Electric vehicles (EVs) are a promising technology to reduce emissions, but its development enormously depends on the technology used in batteries. Nowadays, batteries based on lithium-ion (Li-Ion) seems to be the most suitable for traction, especially nickel-manganese-cobalt (NMC) and nickel-cobalt-aluminum (NCA). An appropriate model of these batteries is fundamental for the simulation of several processes inside an EV, such as the state of charge (SoC) estimation, capacity and power fade analysis, lifetime calculus, or for developing control and optimization strategies. There are different models in the current literature, among which the electric equivalent circuits stand out, being the most appropriate model when performing real-time simulations. However, impedance models for battery diagnosis are considered very attractive. In this context, this paper compares and contrasts the different electrical equivalent circuit models, impedance models, and runtime models for battery-based EV applications, addressing their characteristics, advantages, disadvantages, and usual applications in the field of electromobility.

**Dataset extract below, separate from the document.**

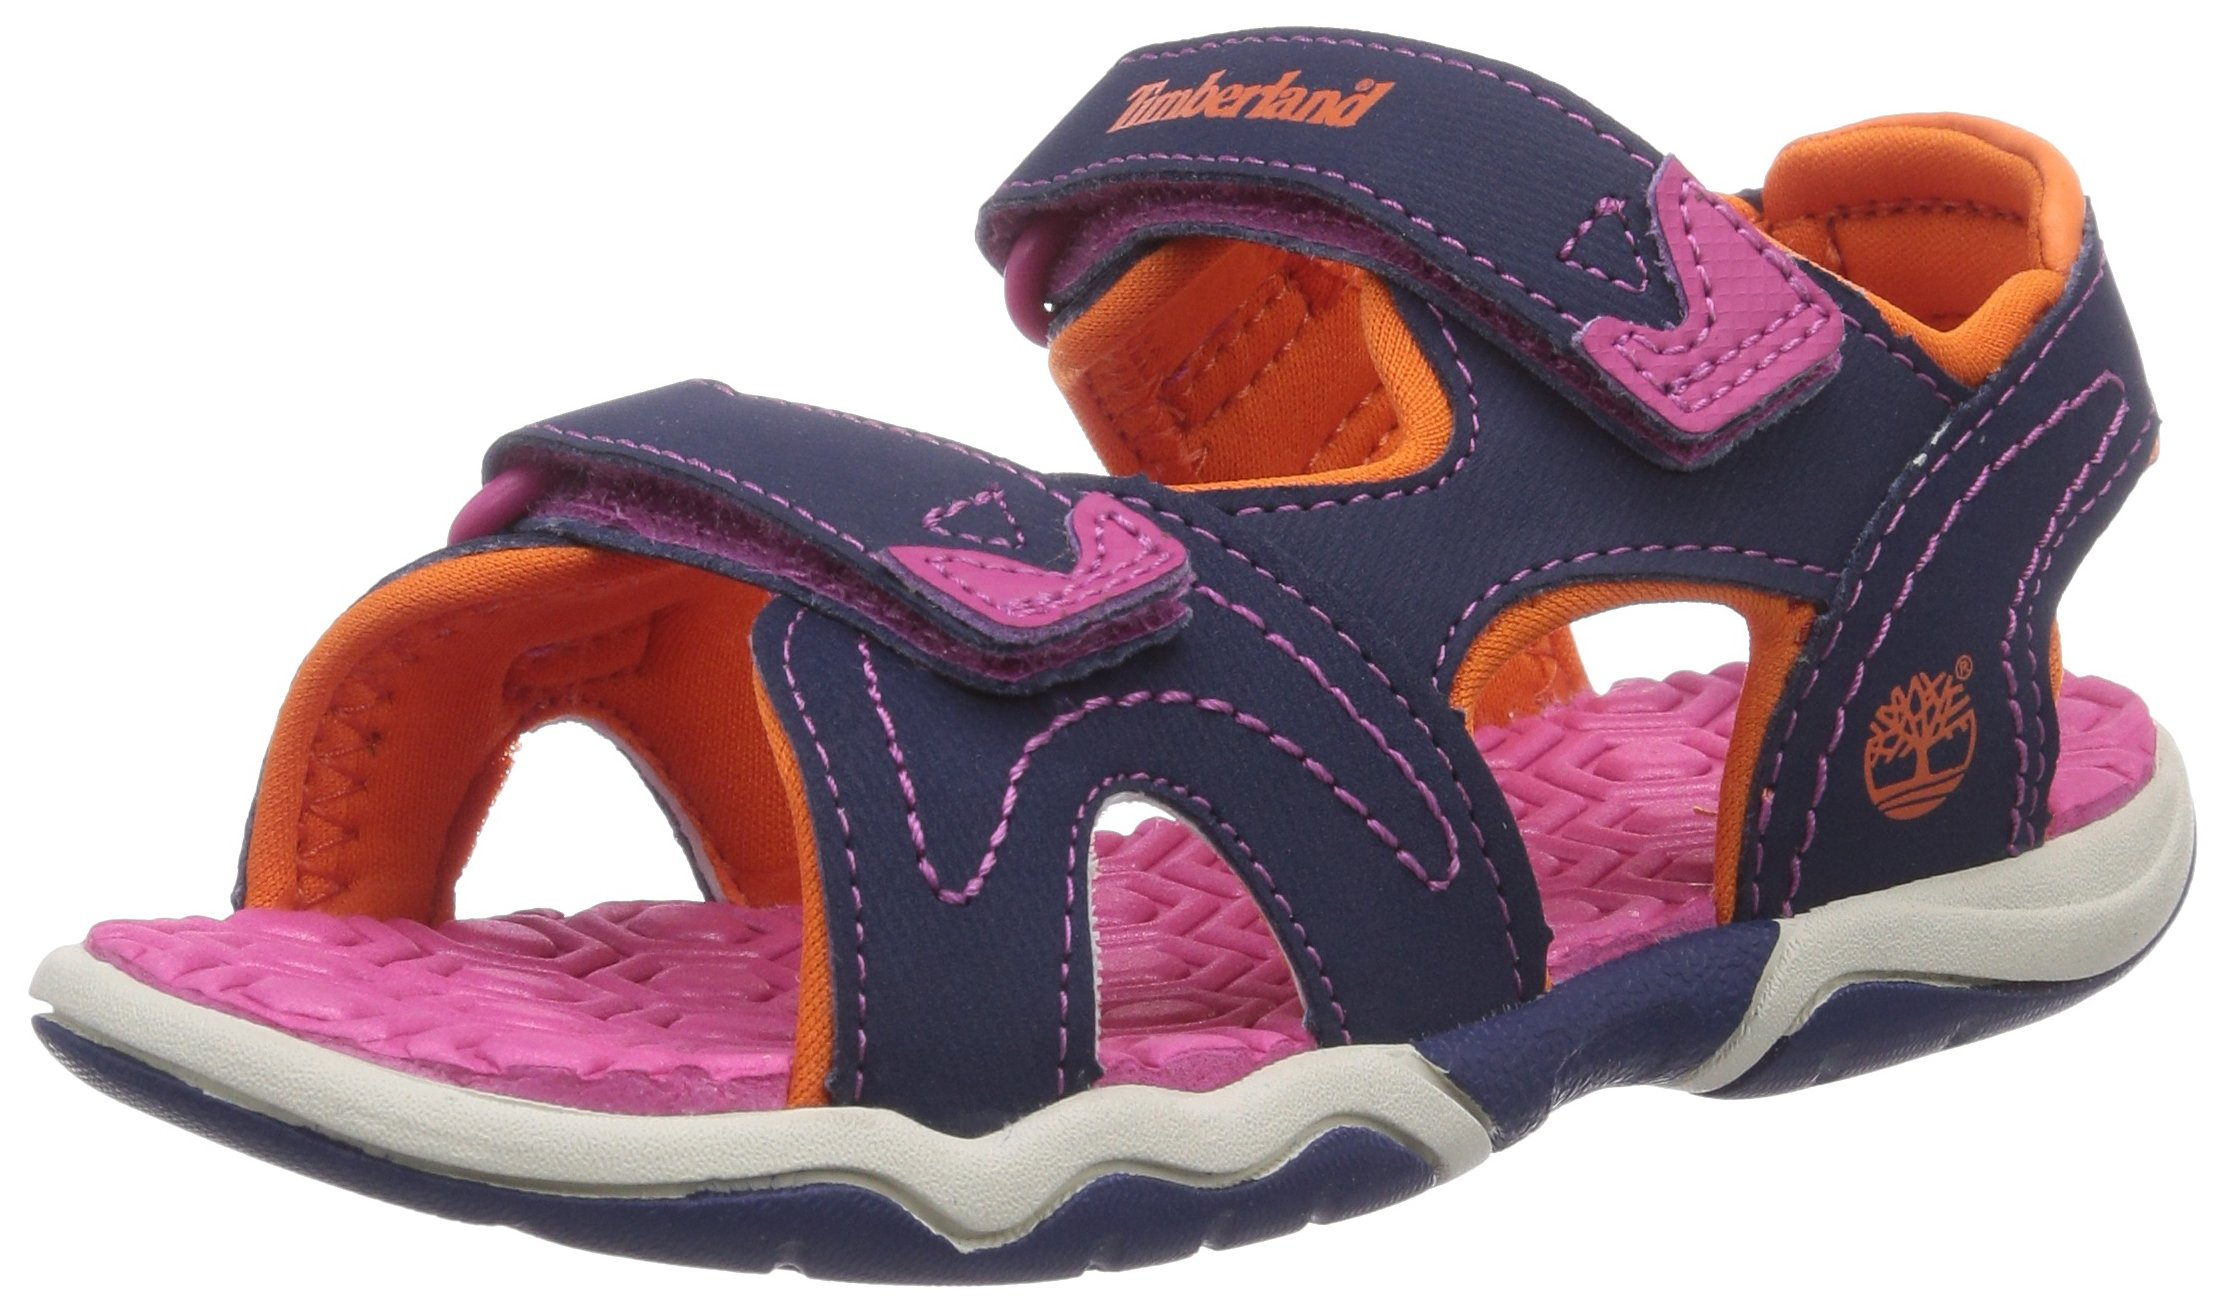 Timberland Adventure Seeker Two-Strap Sandal (Toddler/Little Kid),Navy/Pink/Orange,12 M US Little Kid by Timberland

In this sense, this paper serves as a reference for the scientific community focused on the development of control and optimization strategies in the field of electric vehicles, since it facilitates the choice of the model that best suits the needs required.

Suggested Citation

  • Gaizka Saldaña & José Ignacio San Martín & Inmaculada Zamora & Francisco Javier Asensio & Oier Oñederra, 2019. "Analysis of the Current Electric Battery Models for Electric Vehicle Simulation," Energies, MDPI, vol. 12(14), pages 1-27, July.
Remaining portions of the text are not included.